Un quadrilatero di campagna romana compresa fra due antiche strade
consolari e adiacente alla borgata ribelle era stato dunque rapidamente
cementificato per realizzare il progetto. Nel timore di occupazioni
abusive, la Gestione I.N.A.-Case s'era quindi affrettata a consegnare le
chiavi degli interni agli assegnatari e questi si erano precipitati a
prenderne possesso, con brande o soltanto le coperte.
Il nuovo complesso residenziale, detto volgarmente 'Inacasa' o
Cecafumo aveva comunque promossa la borgata a perno urbanistico di
un'intera circoscrizione che si sarebbe poi sviluppata tumultuosamente a
cavallo della consolare che la lambiva. Rimanendo però al quasi quadrato
che è il teatro principale della storia, c'è da dire che il progetto era stato
ben concepito, perché due dei suoi lati erano segnati da due file di
skyscrapers a dodici piani e a pianta stellare: una sorta di binario entro
cui allocare due schiere di palazzine a tre piani.

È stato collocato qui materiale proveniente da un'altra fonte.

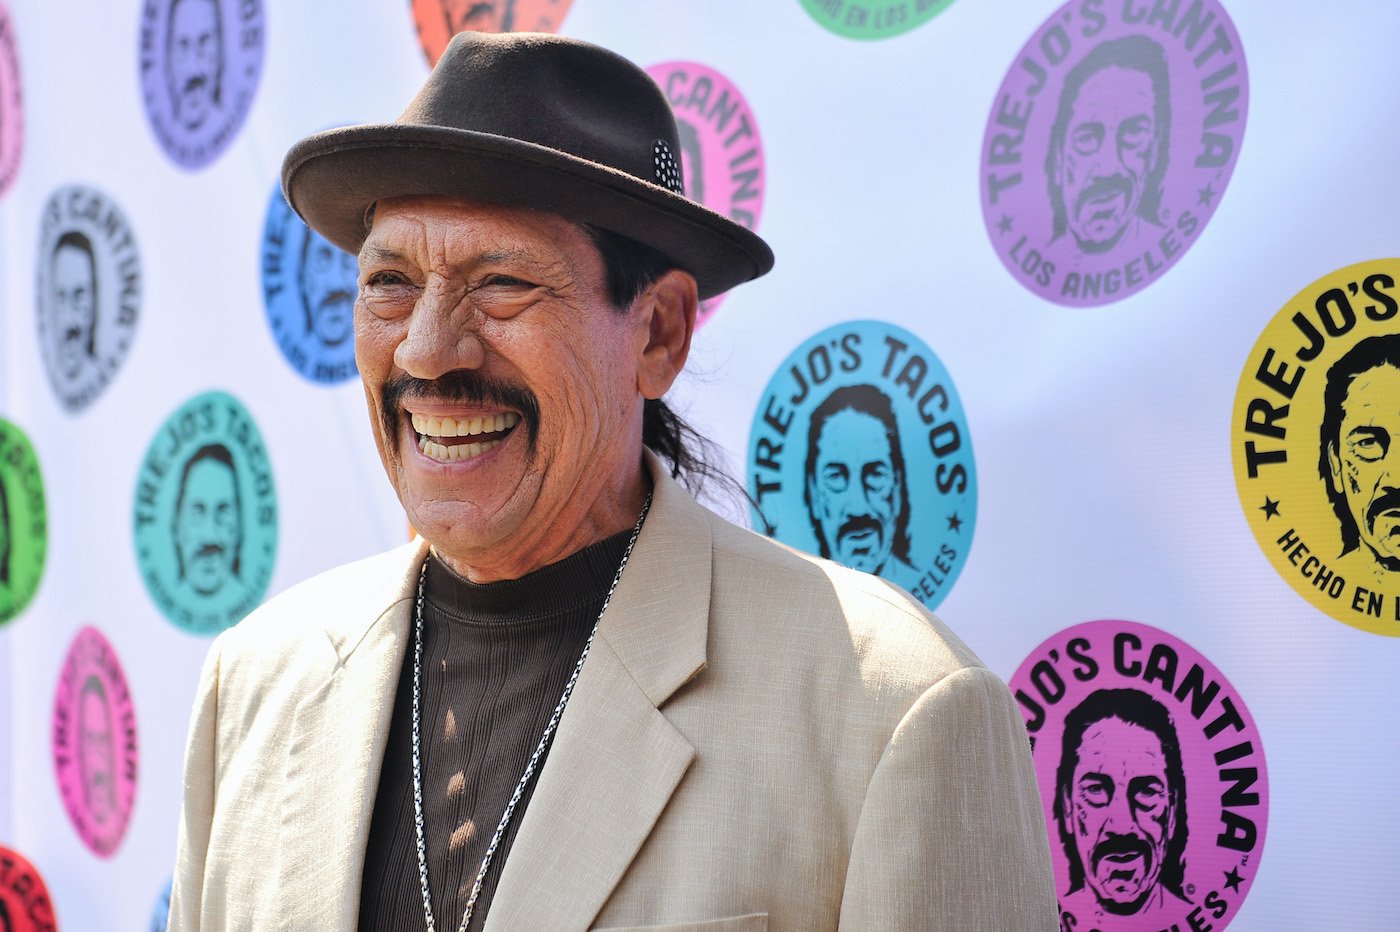 Danny Trejo, who is the guest judge in an upcoming 'Hell's Kitchen' smiles on the red carpet

Una critica che è necessario fare tuttavia è che la Gestione I.N.A.-Case
venne soppressa da una nuova légge, che ne pose in liquidazione il
patrimonio affidando alla Gescal ('Gestione case dei lavoratori')
l'amministrazione degli immobili, fino al riscatto completo di tutti gli
appartamenti da parte degli assegnatari. Pur controllata da un
rappresentante degli Istituti Autonomi per le Case Popolari (IACP) la
Gescal non si fece infatti scrupolo allora di abbandonare ai loro destini
gli stabili e i neo-proprietari.
Dalla conseguente anarchia trae origine la storia che si andrà a
raccontare, non senza prima entrare nei dettagli di tale comprensorio
mediante una porzione della pianta del progetto che l'aveva originato.
Enjoy!, si direbbe in lingua inglese a questo punto... peccato che non ci
sia in italiano una traduzione adeguata: non saprei che scegliere fra
divertitevi!, godetevela!, graditela!, gioite! e dilettatevi!.
Preferisco perciò passare finalmente alla narrazione senza altro
aggiungere che i ringraziamenti a questo portale per aver ospitate le
tante revisioni del mio blog, confermando che il primo dei capitoli in cui
sarà articolato sarà pubblicato su scribd.com (con La sessantotto per
titolo) mentre rimarranno in questo portale i Media ad esso collegati.